Solving Syllogisms in Haskell

Problem

60 men can dig a hole 60x faster than 1 man. 1 man can dig a hole in 1 minute. Therefore, 60 men can dig a hole in 1 second!

Eh, that doesn't seem right. Let's try a different one:

All mortals die. All humans are mortals. Therefore, all humans die.

That's better. Sound logic is such a relief.

This is a general syllogism processing engine. It takes a list of rules--which take the form of a list of premises and a single conclusion--and a starting list of assertions, and produces the list of new conclusions you can infer.

Example

Input is a JSON-formatted list of rules that would look something like:

[{"premises": ["mortal", "alive"], "conclusion": "will die"},
 {"premises": ["human"], "conclusion": "mortal"}]

The program pretreats the rules first, then performs inferoutputs from the rules and a given list of assertions.
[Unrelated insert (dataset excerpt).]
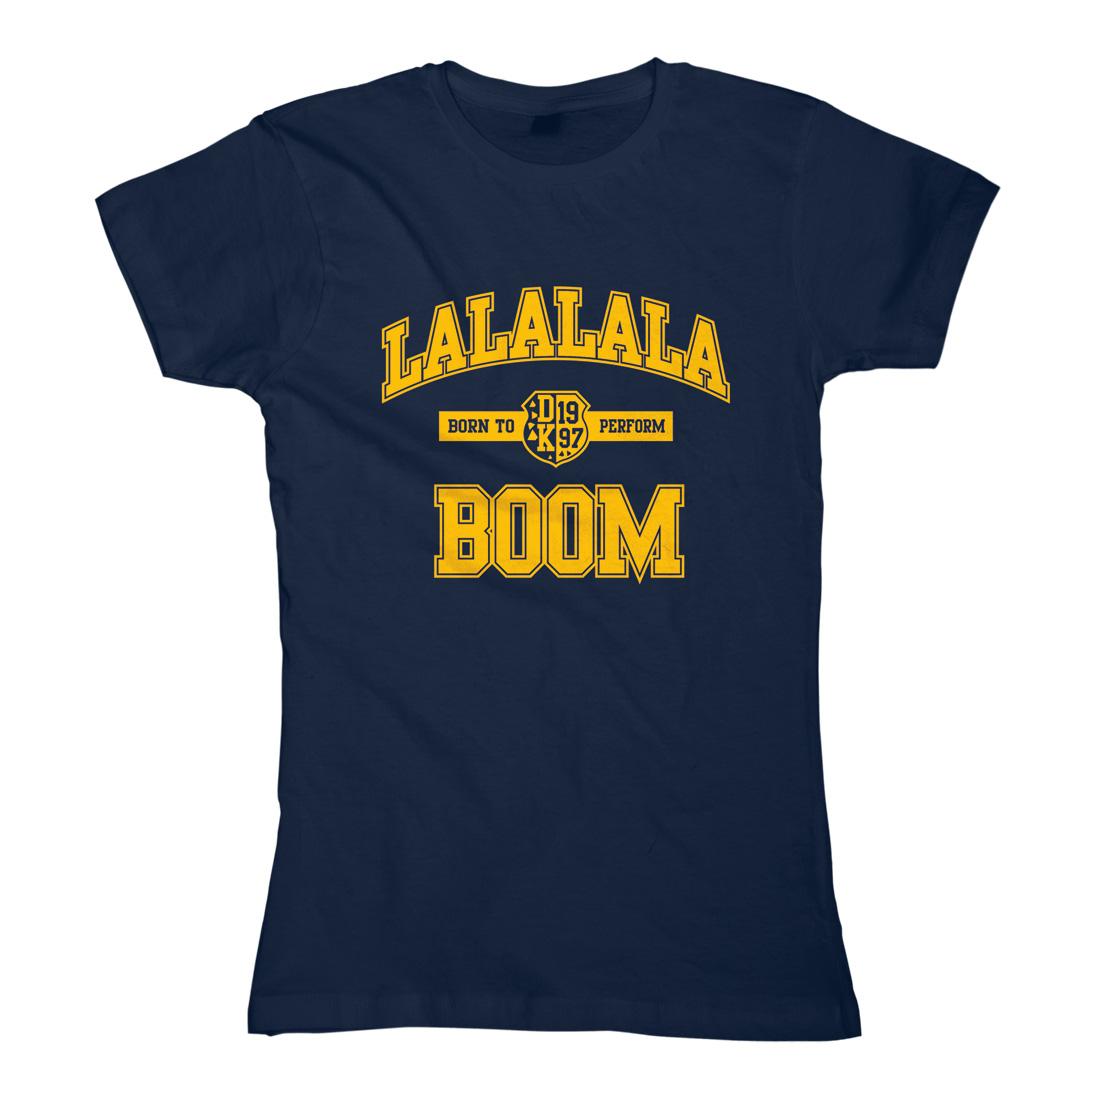 LaLaLaLa Boom von Deichkind - Girlie Shirt jetzt im Bravado Shop

Compiled and run as an executable, it looks something like this:

rules-hs-exe '[{"premises": ["mortal", "alive"], "conclusion": "will die"}, {"premises": ["human"], "conclusion": "mortal"}]' '["human", "alive"]'

==> ["mortal", "will die"]

That is, you start with the knowledge that something is "human" and "alive", and running it through your list of syllogisms, you learn that that thing is also "mortal" and that it "will die". Useful!

Analysis of pretreat

O(n^2)

Explanation: pretreat has two main tasks: converting Rules into a list of (Set Type, Type) tuples, and then sorting. The first step is linear in time complexity, but the sorting is more complex. The list of rules can be seen as an acyclic (per problem definition) directed graph where nodes are rules, and children are those rules whose premises contain the conclusion of their parent. (We have to evaluate the parent first in case we need that conclusion later.) As such, this can be seen as a kind of scheduling problem that lends itself to a topological sort, using depth first searches on the graph of rules. Since DFS has a time complexity of O(n+m), and that's all this effectively is, our complexity is O(n+m), which we can reduce to approximately O(n^2).

Analysis of inferoutputs

O(n lg n)

Explanation: inferOutputs has the task of linearly building the inference set by starting with assertions, and folding over rules to insert conclusions where the premises are a subset of already accumulated inferences. In our fold, each member of our set has infer performed on it; to meet our goal of beating a O(n^2) time complexity, this operation needs to be better than linear. Indeed, it's logarithmic to the number of rules: knowledge (the accumulated assertions ++ inferences) grows linearly with rules, but the check of whether the premises are contained in that set is performed in logarithmic time (Set.member takes advantage of the balanced binary tree nature of Haskell Sets, though I suspect a hash-based Set implementation might improve on this further, to constant time). insert is also logarithmic with respect to the number of accumulated knowledge.

Additional complexity is added at the step where the original assertions are filtered from the final inferences. To do this, we use Haskell's Sets' difference function. Performance of that is rated at O(m * lg(n/m + 1)) where m is the length of the smaller of the two sets, and n is the length of the other. So, overall, with respect to the number of rules, our dominant complexity remains: ~O(n lg n)

Explanation of Solution

Conceptually, we first sort the given Rules such that for any rules A and B, if A's conclusion is a premise in B, then A comes before B. (We reverse this since we'll be folding from the right side of the list.) This allows us to capture inferences that depend on that conclusion. Since the problem spec guarantees no cycles, we don't have to worry about these cases.

The inference step considers our cumulative "knowledge" starting with our assertions. Walking through our rules in sorted order, we add conclusions to our knowledge when we come to premises that are a subset of our existing knowledge. Our final set of inferences is the difference between the total knowledge we've accumulated, and the assertions we started with.

This solution uses Sets for more efficient and readable subset checks.